Distraction is everywhere, including – as I noted last week – the fact that very tool I use to do my writing is perhaps the worst source of distraction. Nowhere is that more the case than with Humans of New York.

I subscribe to their Facebook stream, which means that every hour or so, a new photo arrives, along with the story of the photo. And oh the stories!

“What do you feel most guilty about?”

“That I live on the West Coast, and my mom lives here on her own. I’m here on business, so I just got to visit her. My friend calls these ‘lightbulb trips.’ When you visit your older parent after not seeing them for awhile, and there’s something simple they need you to do, like a burned out lightbulb that they need you to reach, and you realize that if you hadn’t come, they’d have been sitting in the dark.”

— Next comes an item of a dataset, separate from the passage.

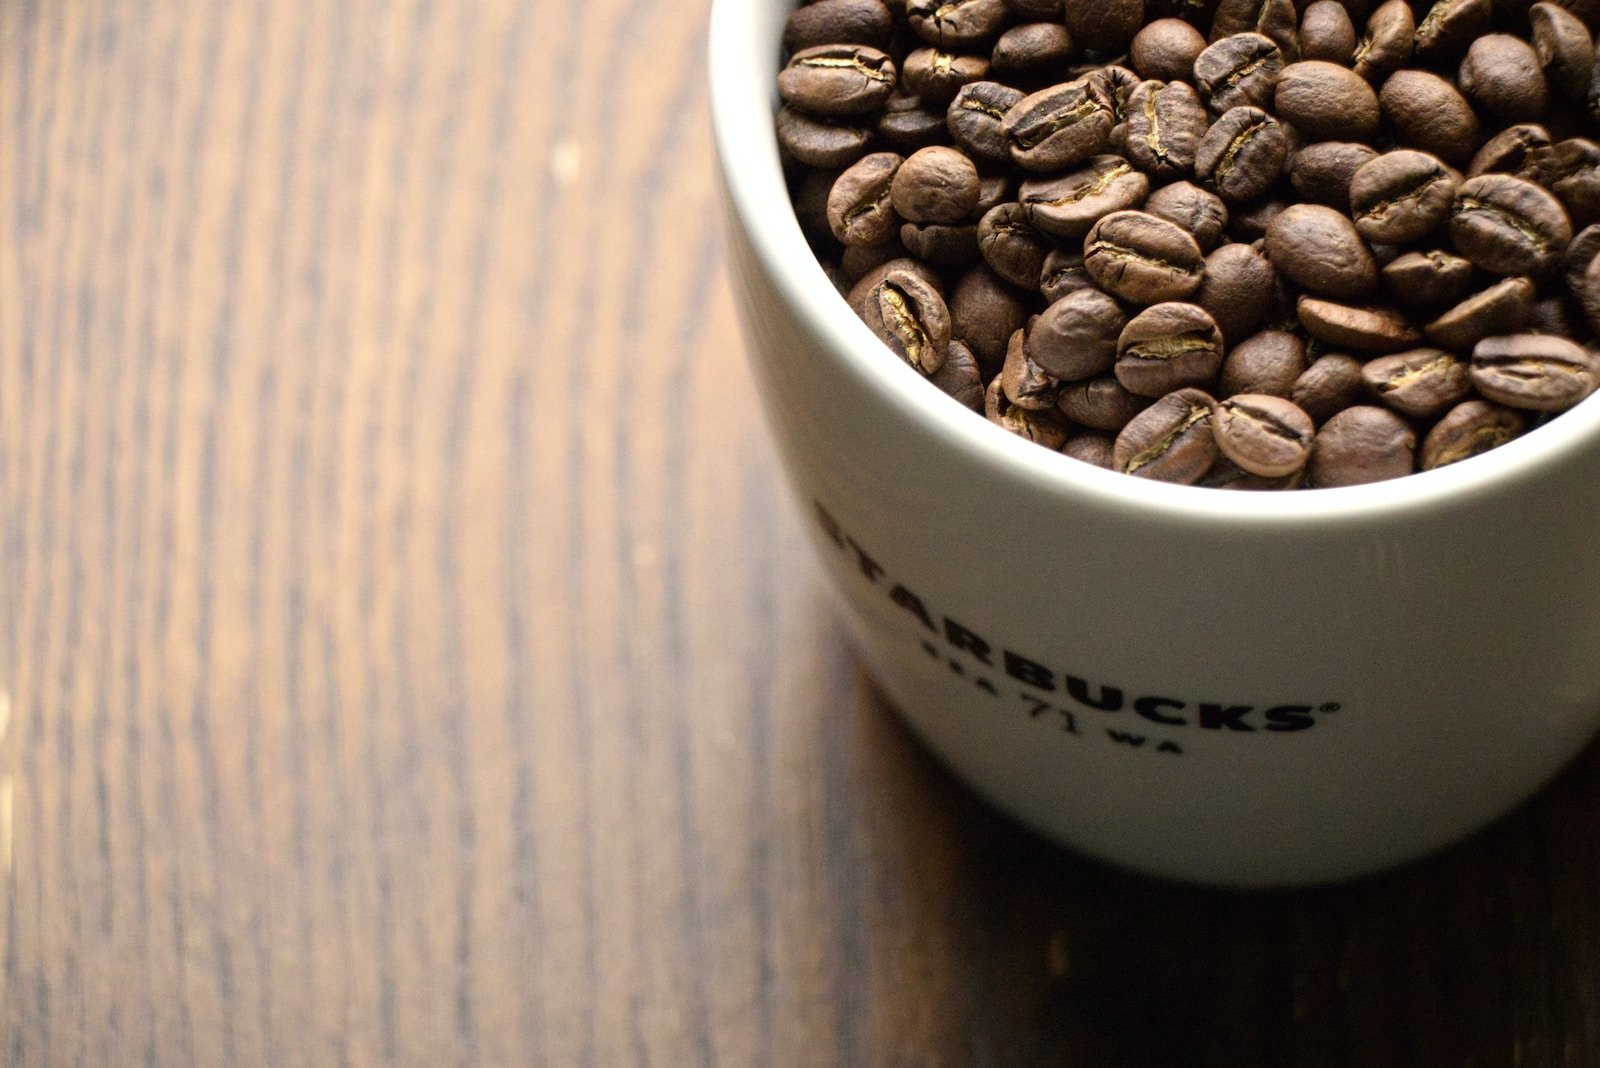 Top 13 Best Whole Bean Coffee Choices on Amazon
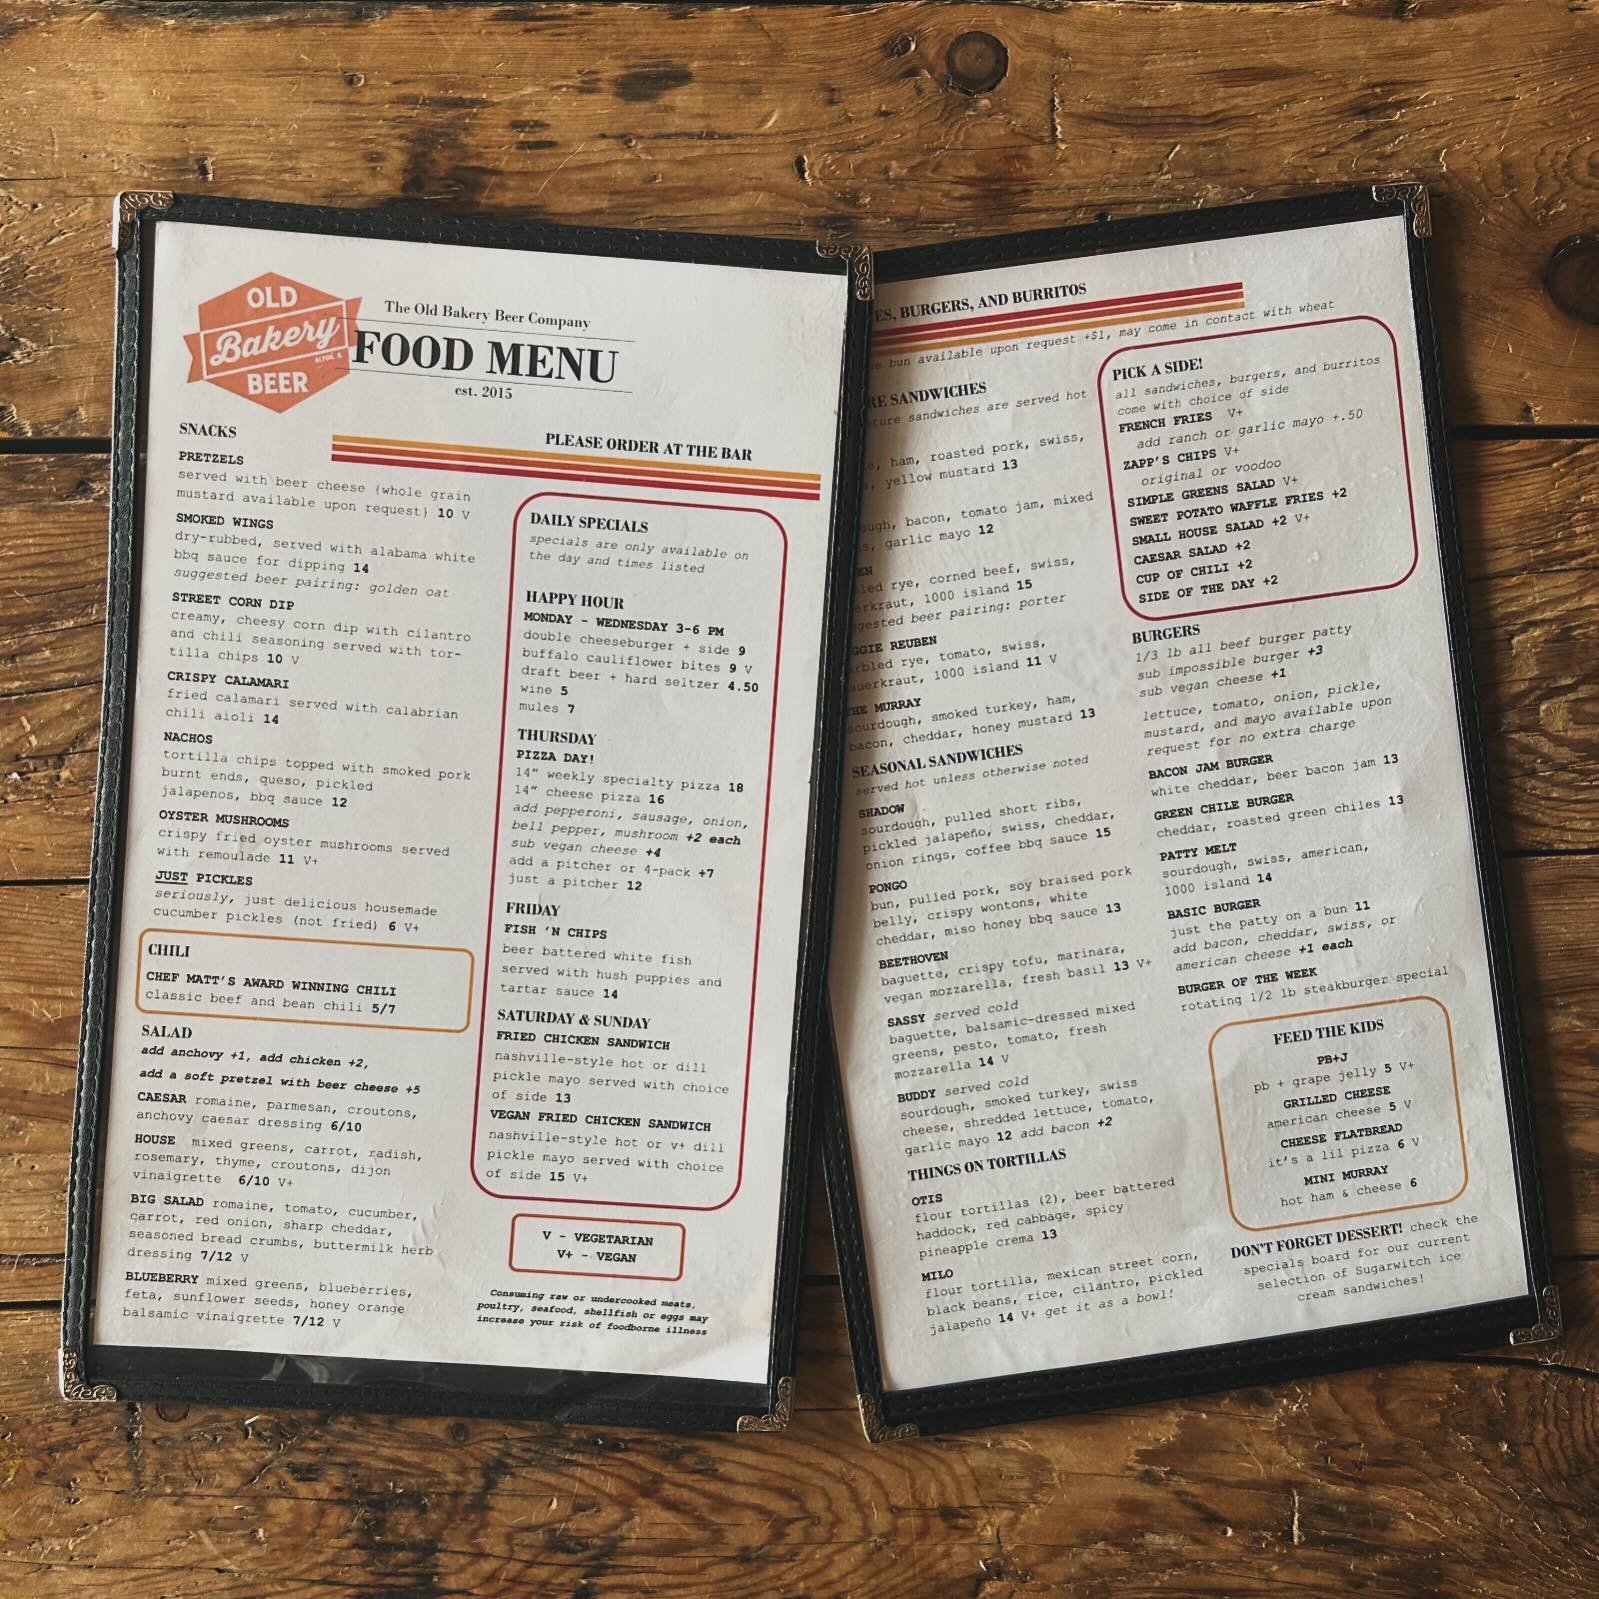 Still closed today, but here is a sneak peak at our new Summer Menu so you can figure out your order for tomorrow!  View the full menu at www.oldbakerybeer.com/food

I’ve had those lightbulb moments. Pretty much everyone past a certain age has had them with their own parents. A picture may be worth a thousand words, but add those words and I know the woman in that photo. I want to tell her, “Me, too.”

 This story grabbed me as well:

“I built this book cart after my bagpipes got stolen, because I couldn’t afford a new set of bagpipes, and I needed to support myself. I used to sell teddy bears too. But one day last year, three undercover policeman showed up and took me to jail. It was just like a TV show— one was dressed like a rapper, the other like a hooker, and the other like a tourist. They said you need a permit to sell manufactured goods. You’re allowed to sell art, just not manufactured goods. I tried to tell them that my teddy bears were art because I dressed them and customized them. But all they said was: ‘You’re going to jail.’ I had to spend 2 days in jail. The judge threw out the case. But they never gave me back my teddy bears.”

If you don’t already subscribe to their feed, whether by email or Facebook or wherever, give yourself the treat of feeling what it is to be part of this human race. Subscribe to Humans of New York. And then please please please let me know which ones are your favorites!

Please invite others along on this exploration of the creative process. Just click on the “share” links below. (If you’re reading this via email, those links are here.) Thanks!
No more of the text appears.